### What this task involves:
The listing below is to be given again in full and word for word, without its images.

### Raw data:
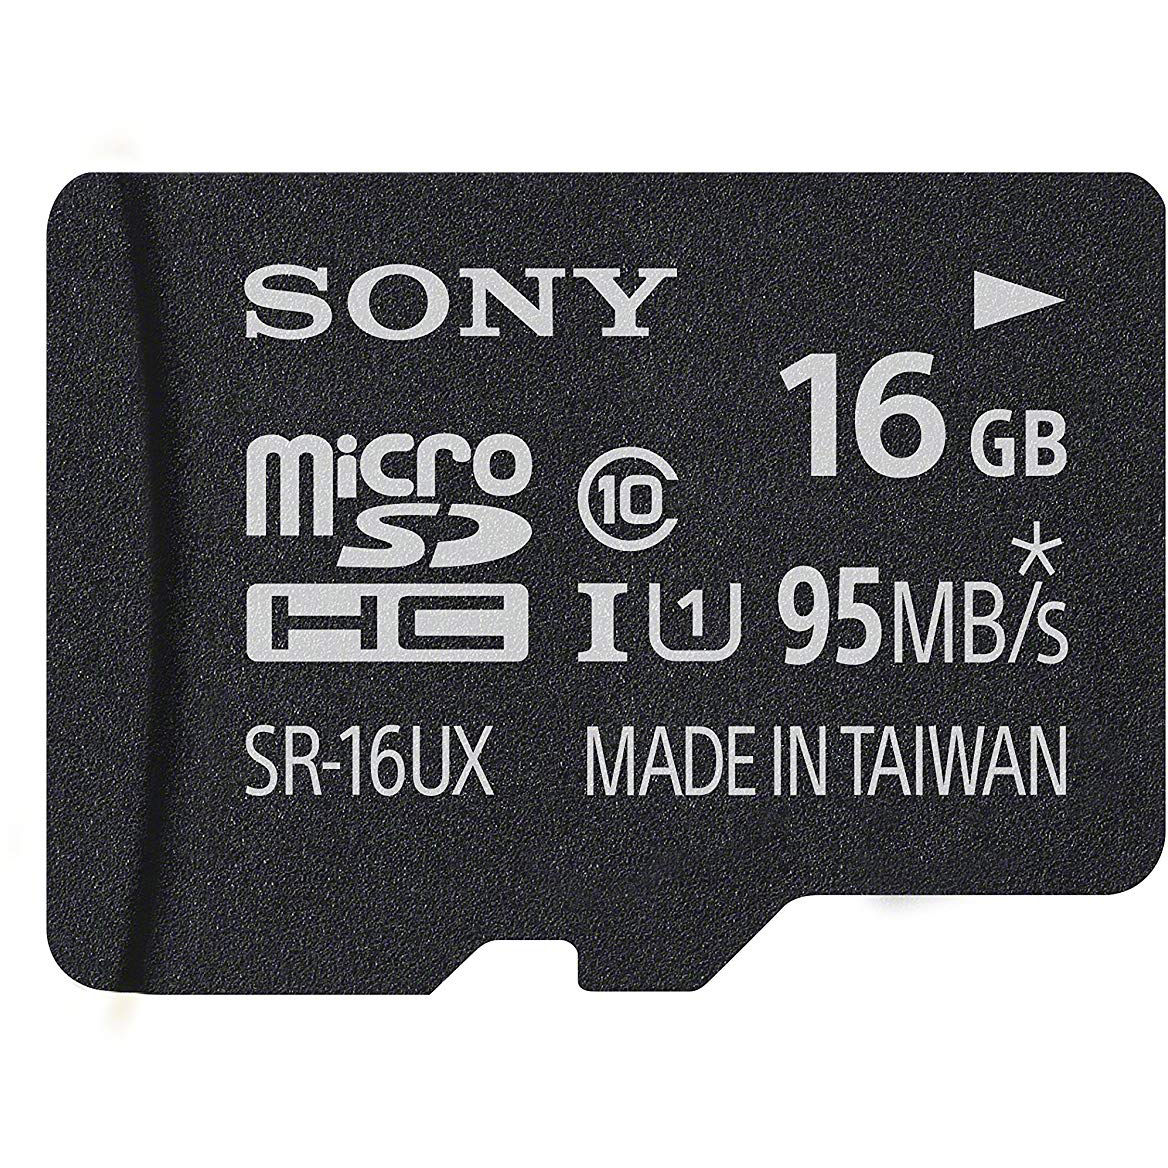 Original Sony Expert Class 10 16GB microSDHC Memory Card (SR16UXA)
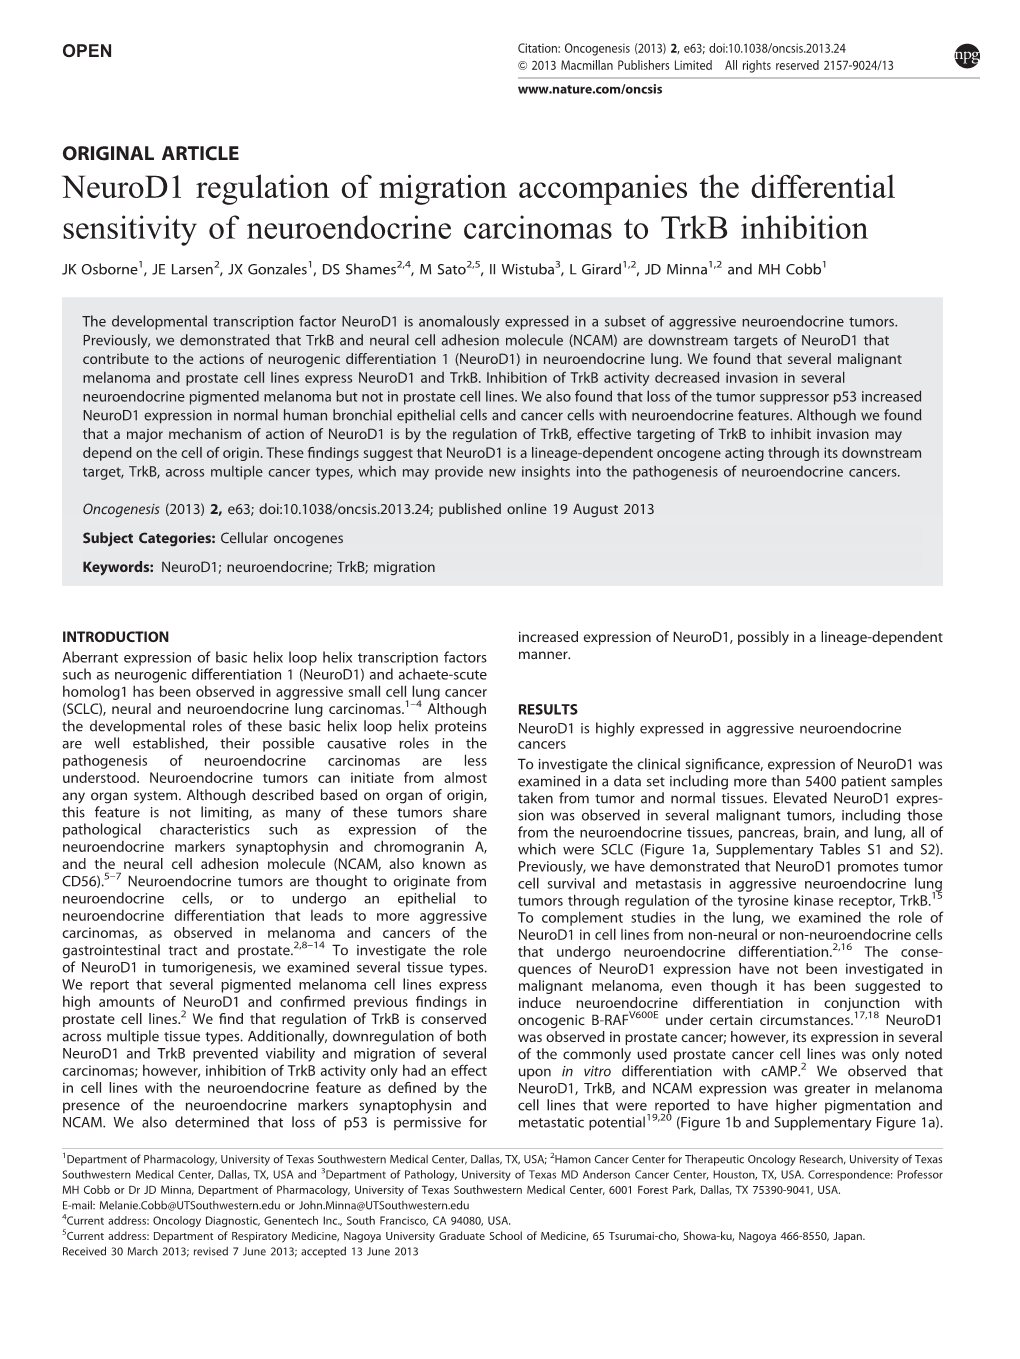 Neurod1 Regulation of Migration Accompanies the Differential Sensitivity of Neuroendocrine Carcinomas to Trkb Inhibition
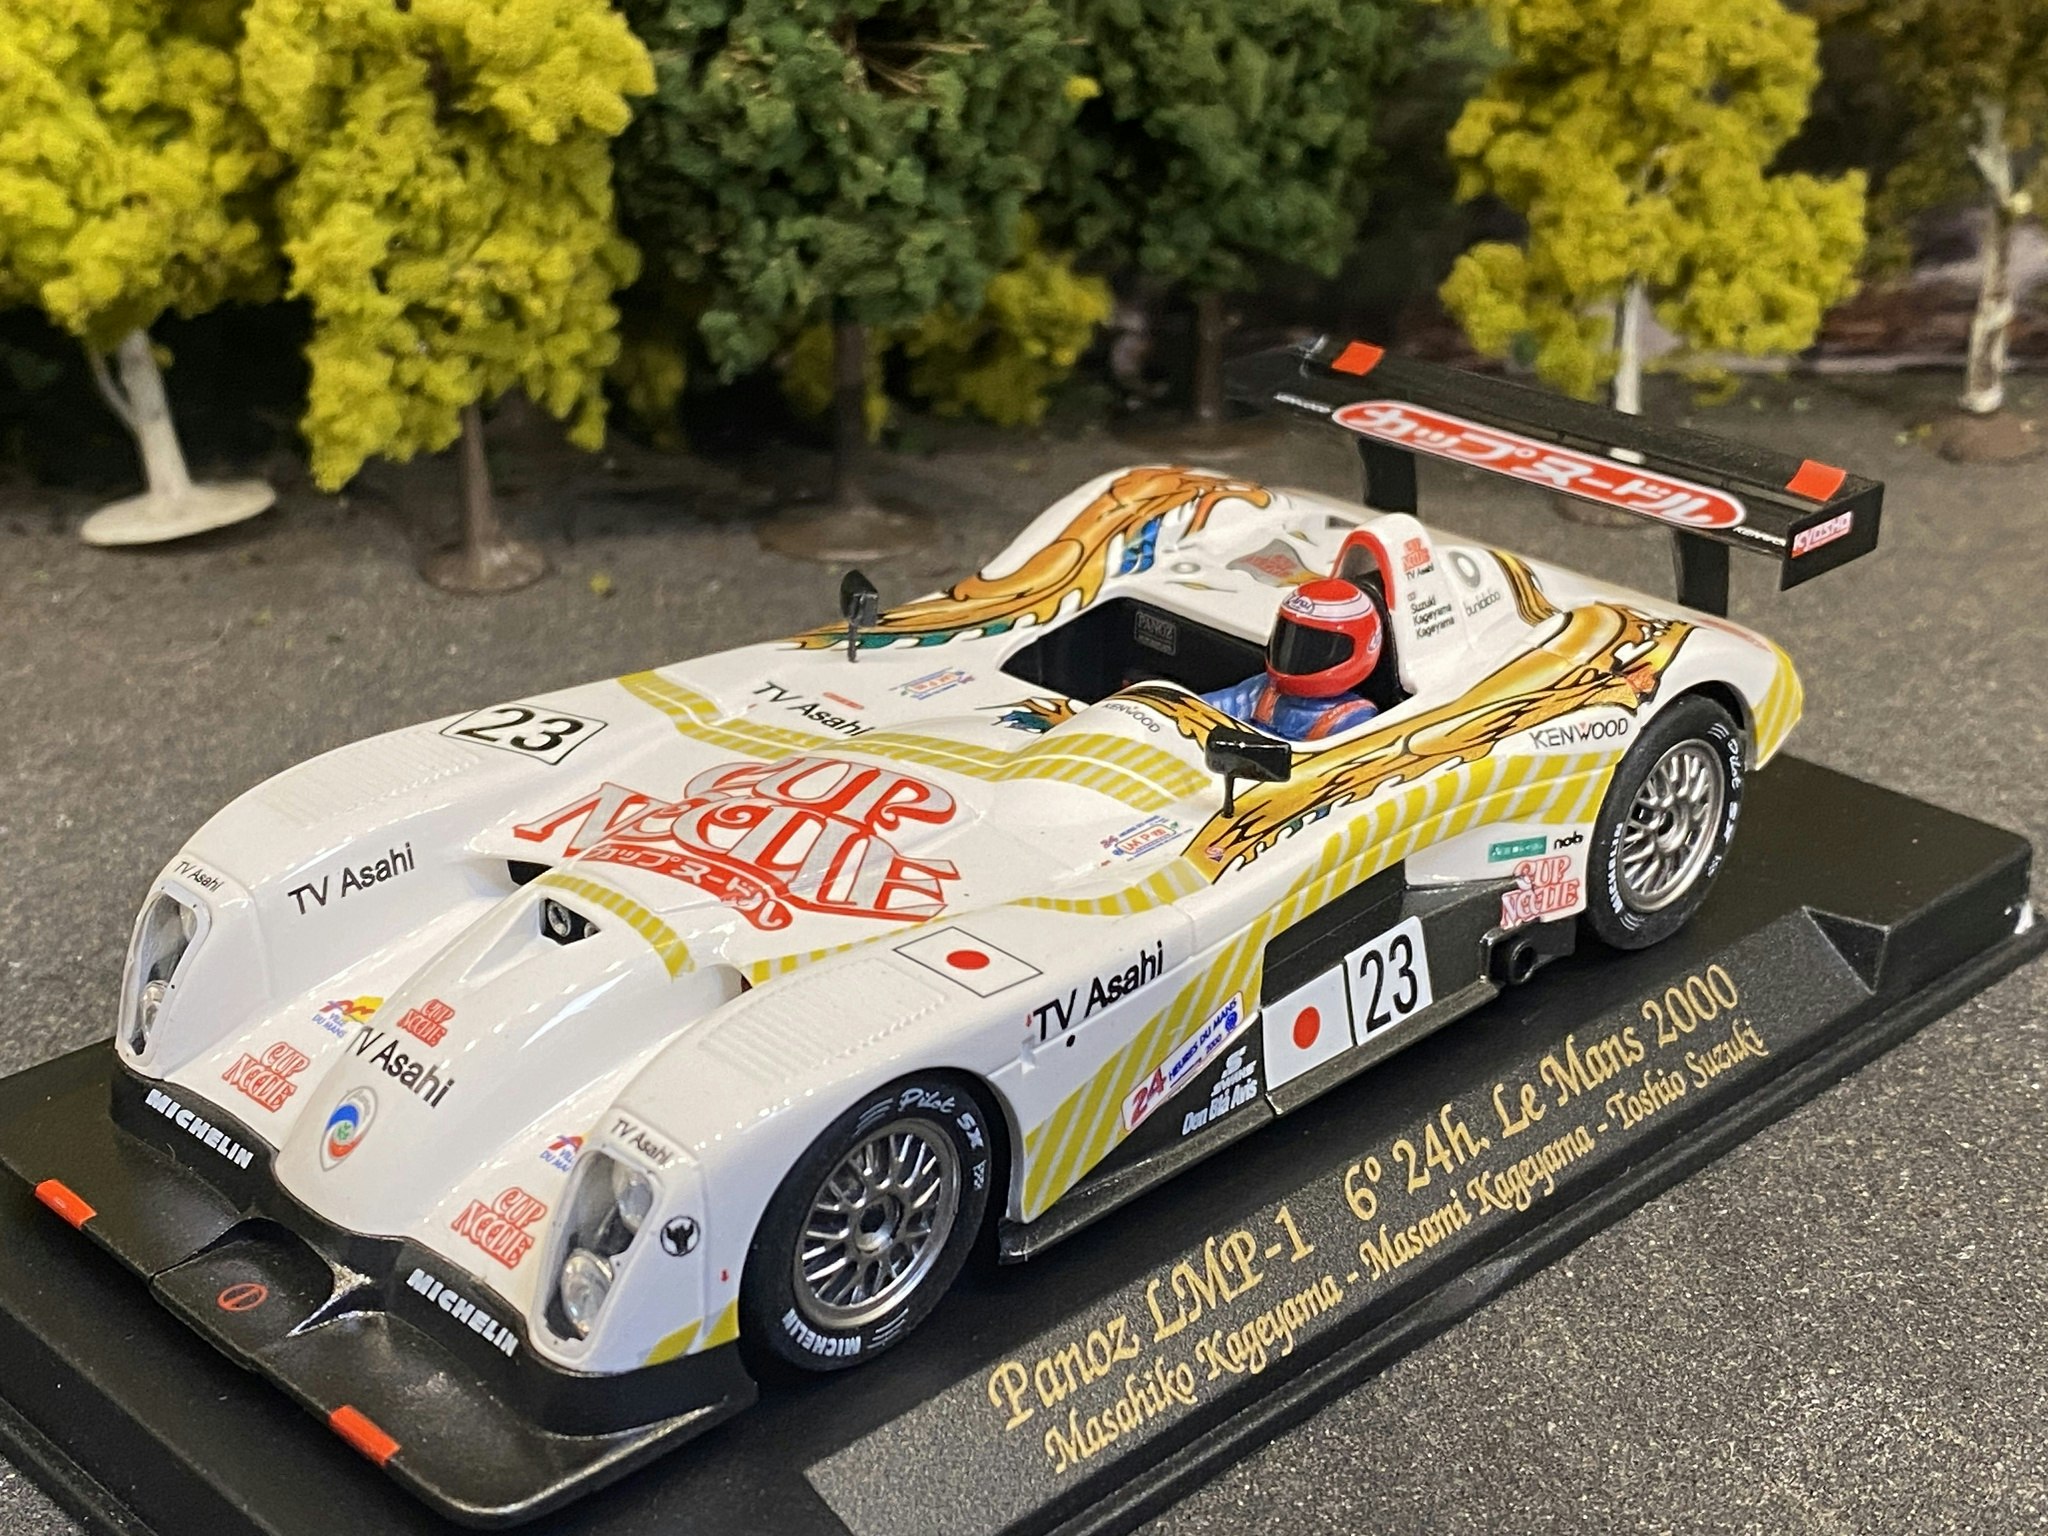 Scale 1/32 Analogue FLY slotcar: Panoz LMP-1 #23 Le Mans 2000
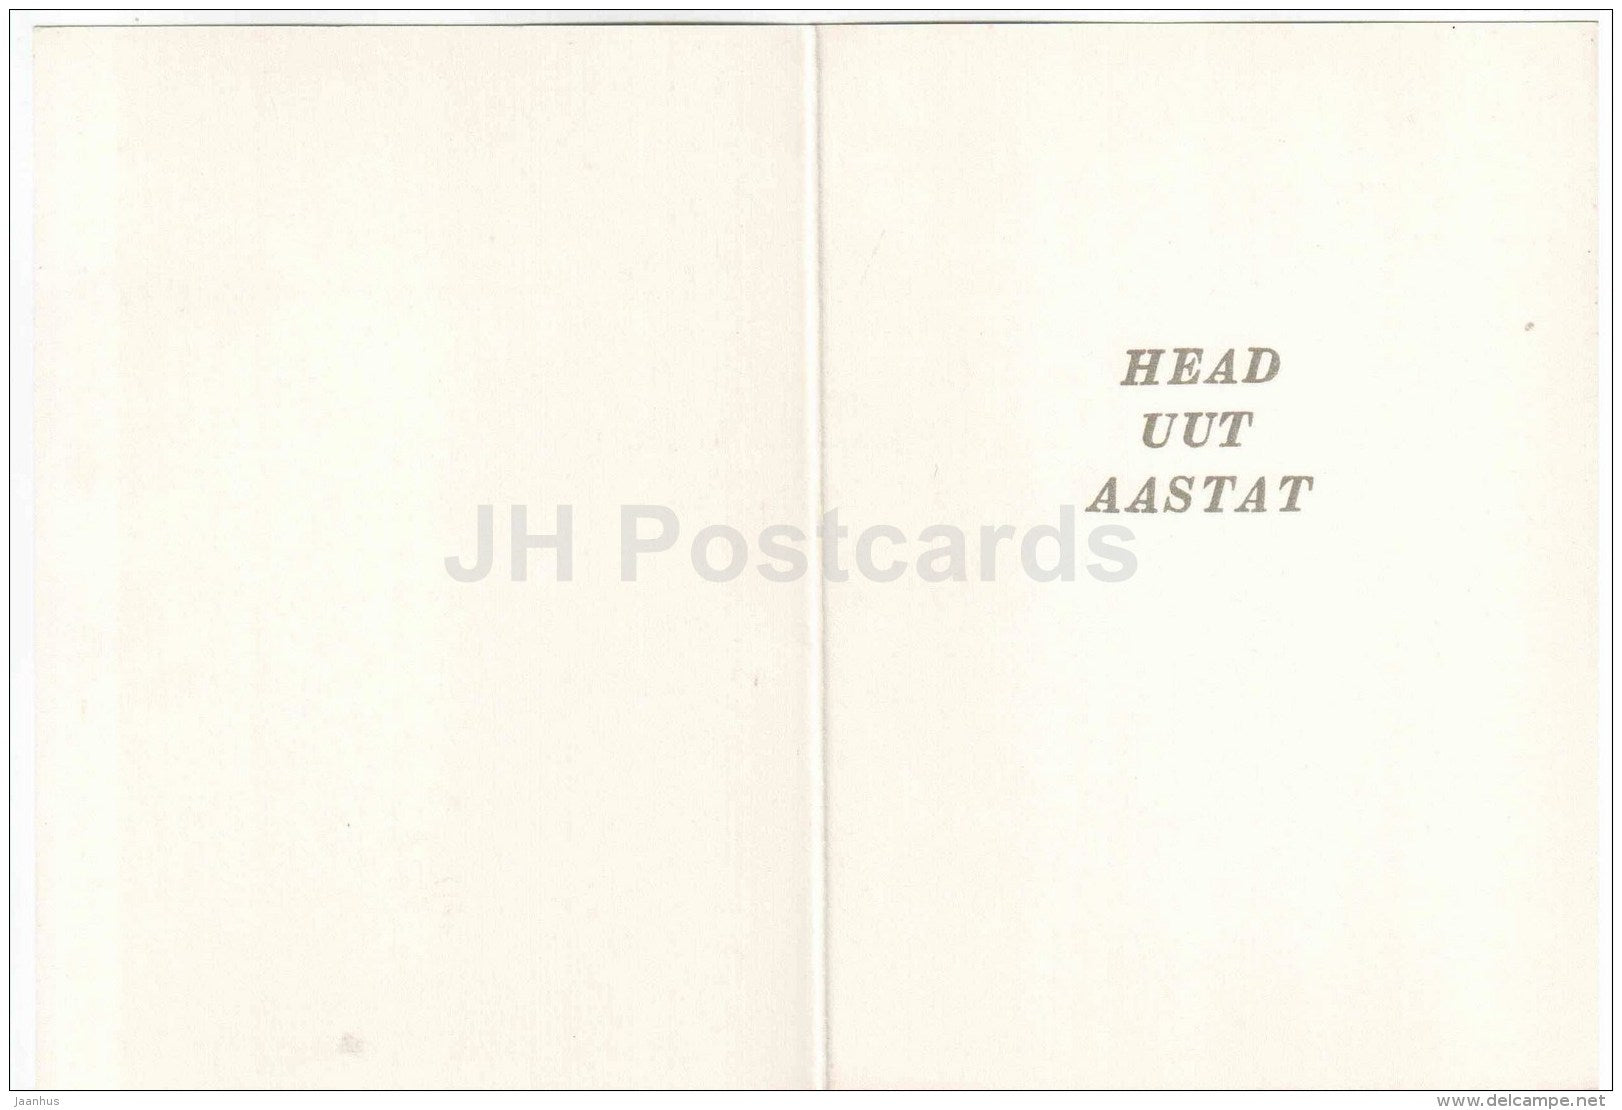 New Year greeting card by M. Vint - illustration - birds - decorations - 1971 - Estonia USSR - unused - JH Postcards

### Answer for this exercise:
 Original Sony Expert Class 10 16GB microSDHC Memory Card (SR16UXA)
 Neurod1 Regulation of Migration Accompanies the Differential Sensitivity of Neuroendocrine Carcinomas to Trkb Inhibition
 Scale 1/32 Analogue FLY slotcar: Panoz LMP-1 #23 Le Mans 2000
 New Year greeting card by M. Vint - illustration - birds - decorations - 1971 - Estonia USSR - unused - JH Postcards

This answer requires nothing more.